■ **WORK INSTRUCTION**
Return the listing that follows exactly, with no pictures included.

■ **DATA PROVIDED**
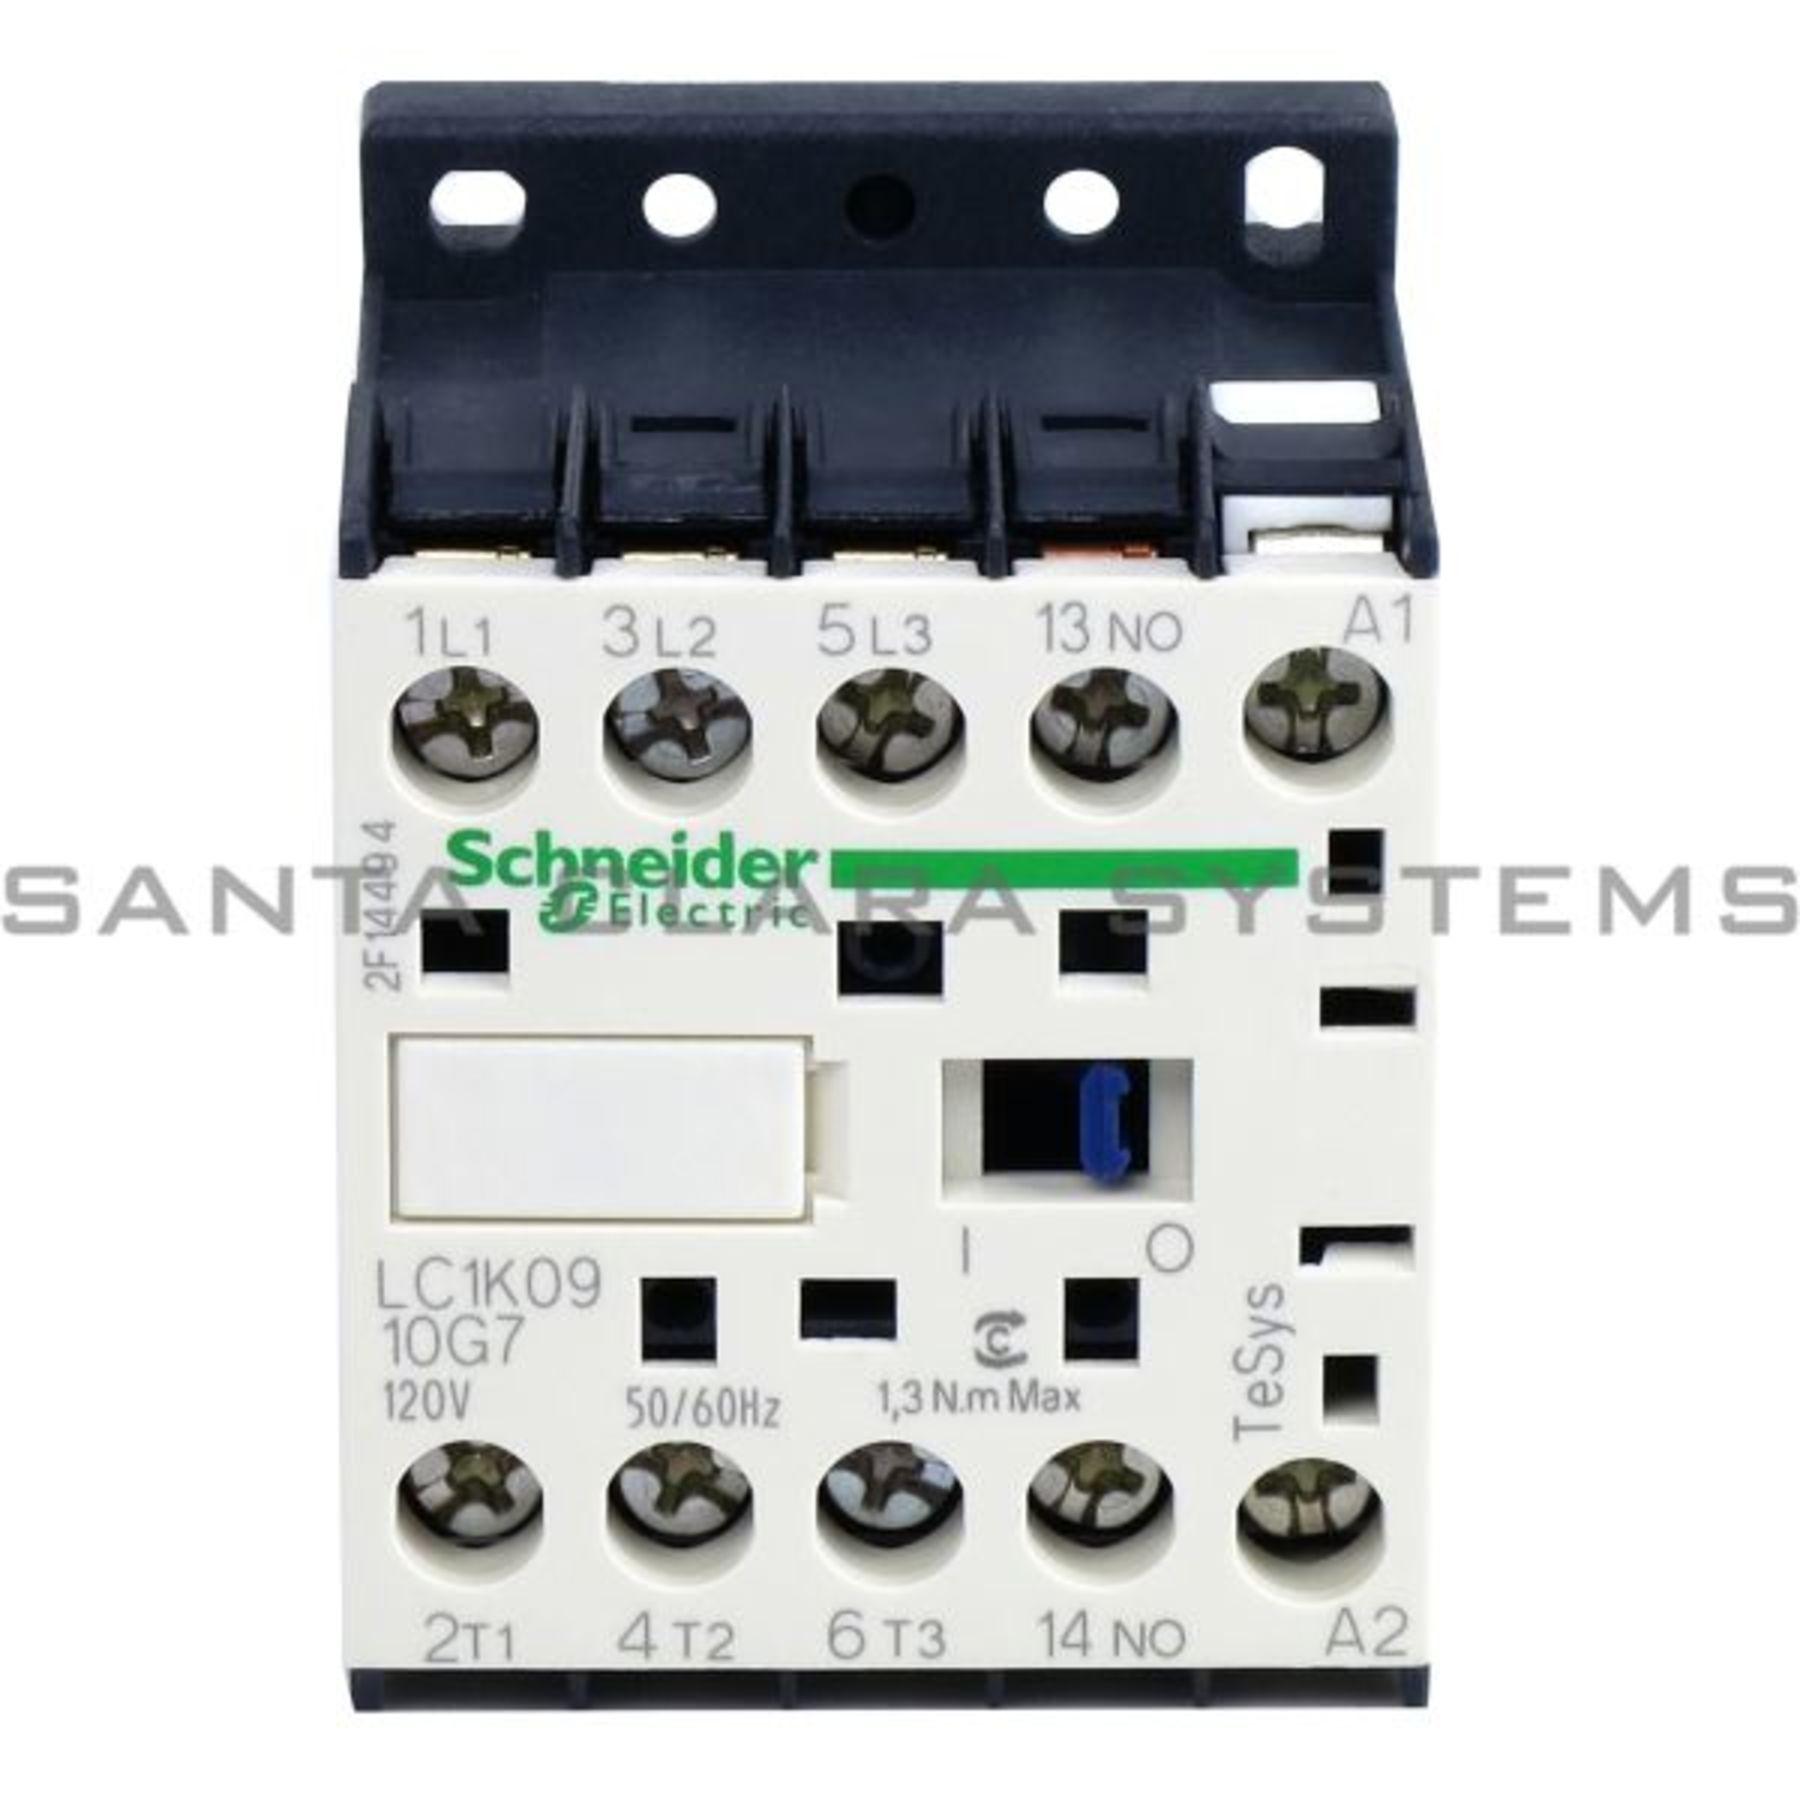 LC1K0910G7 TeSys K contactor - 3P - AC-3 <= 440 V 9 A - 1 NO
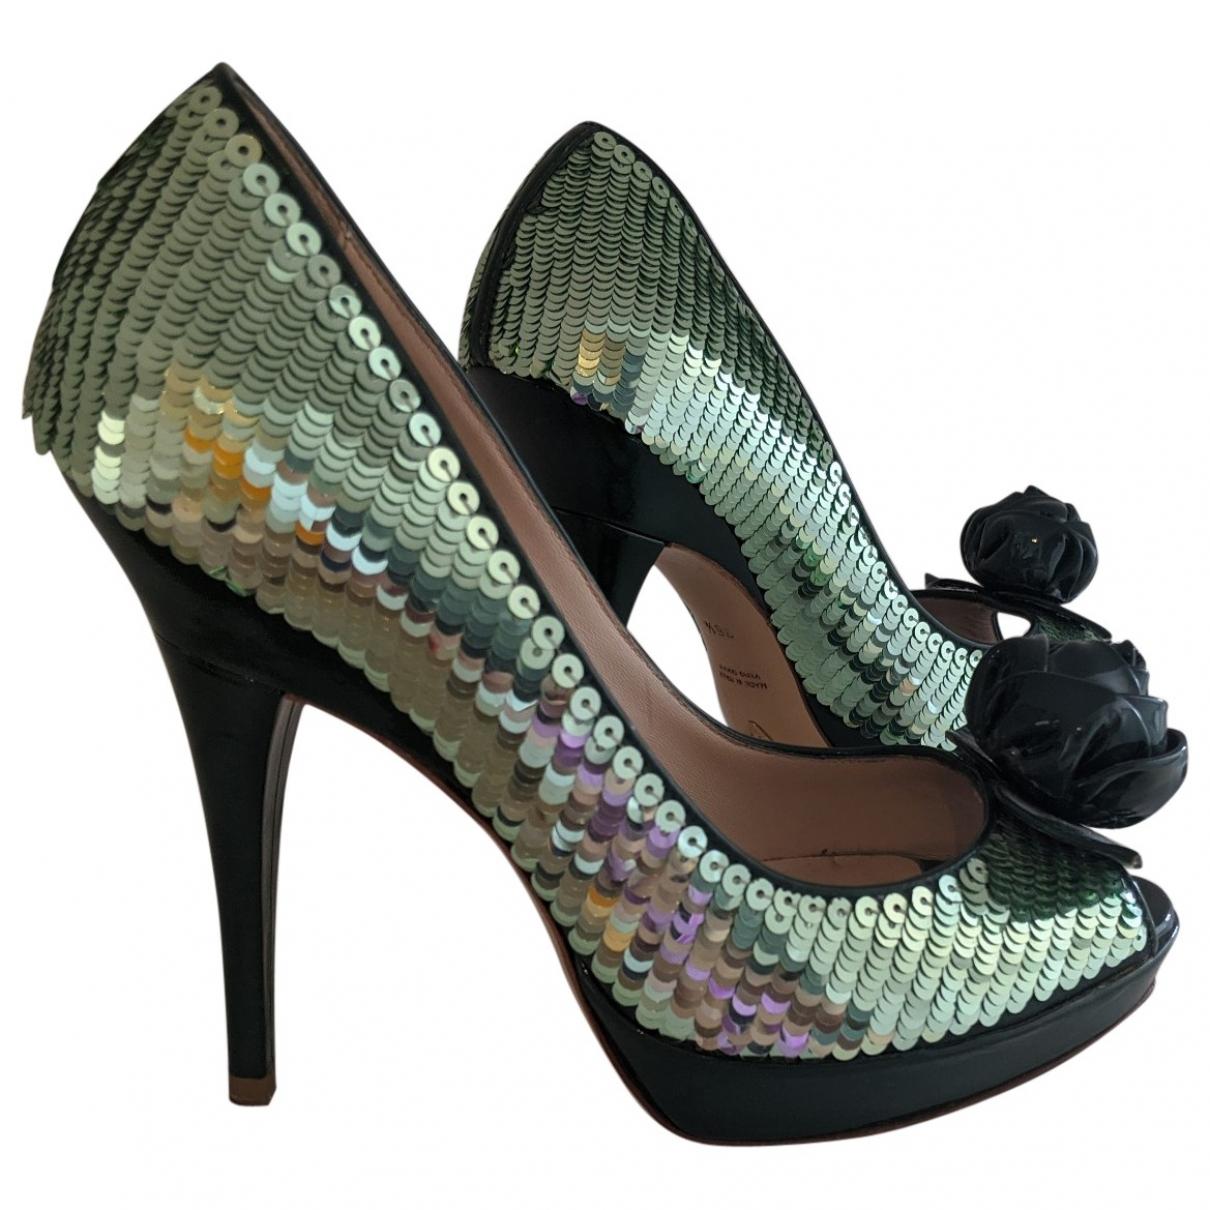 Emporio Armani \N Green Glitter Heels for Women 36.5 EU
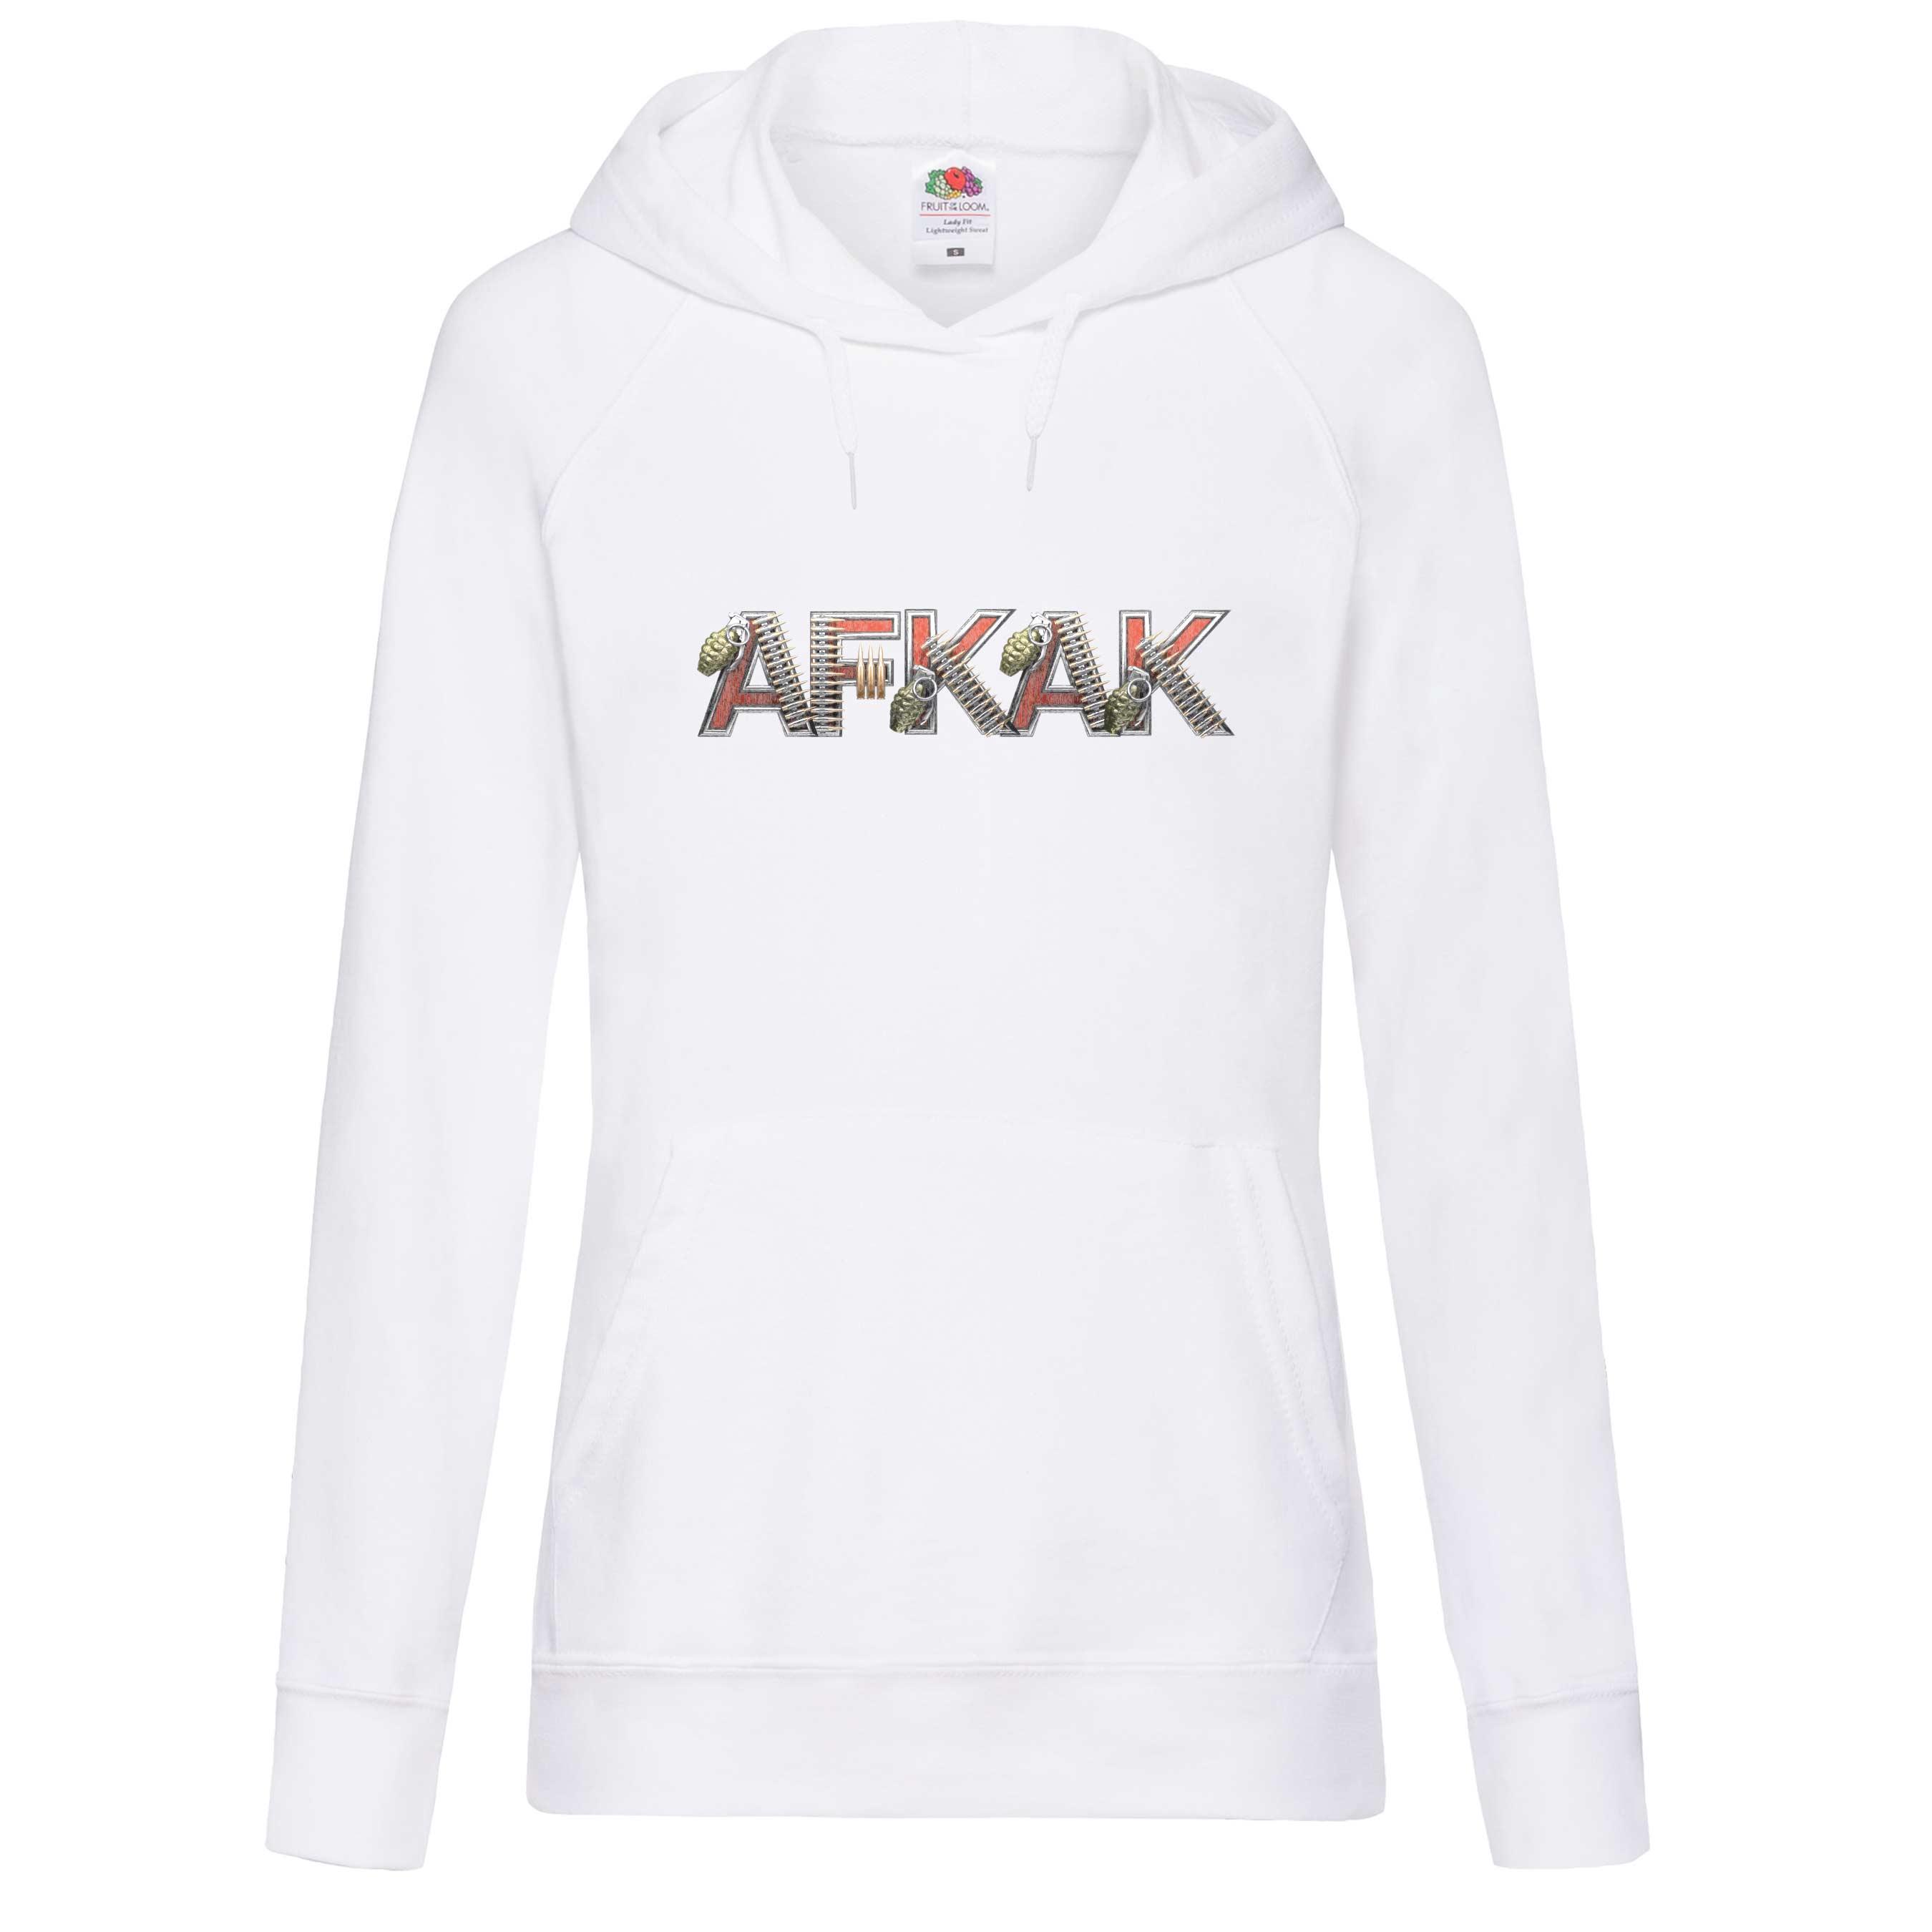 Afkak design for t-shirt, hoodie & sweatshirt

■ **OUTPUT OF THE TASK**
 LC1K0910G7 TeSys K contactor - 3P - AC-3 <= 440 V 9 A - 1 NO
 Emporio Armani \N Green Glitter Heels for Women 36.5 EU
 Afkak design for t-shirt, hoodie & sweatshirt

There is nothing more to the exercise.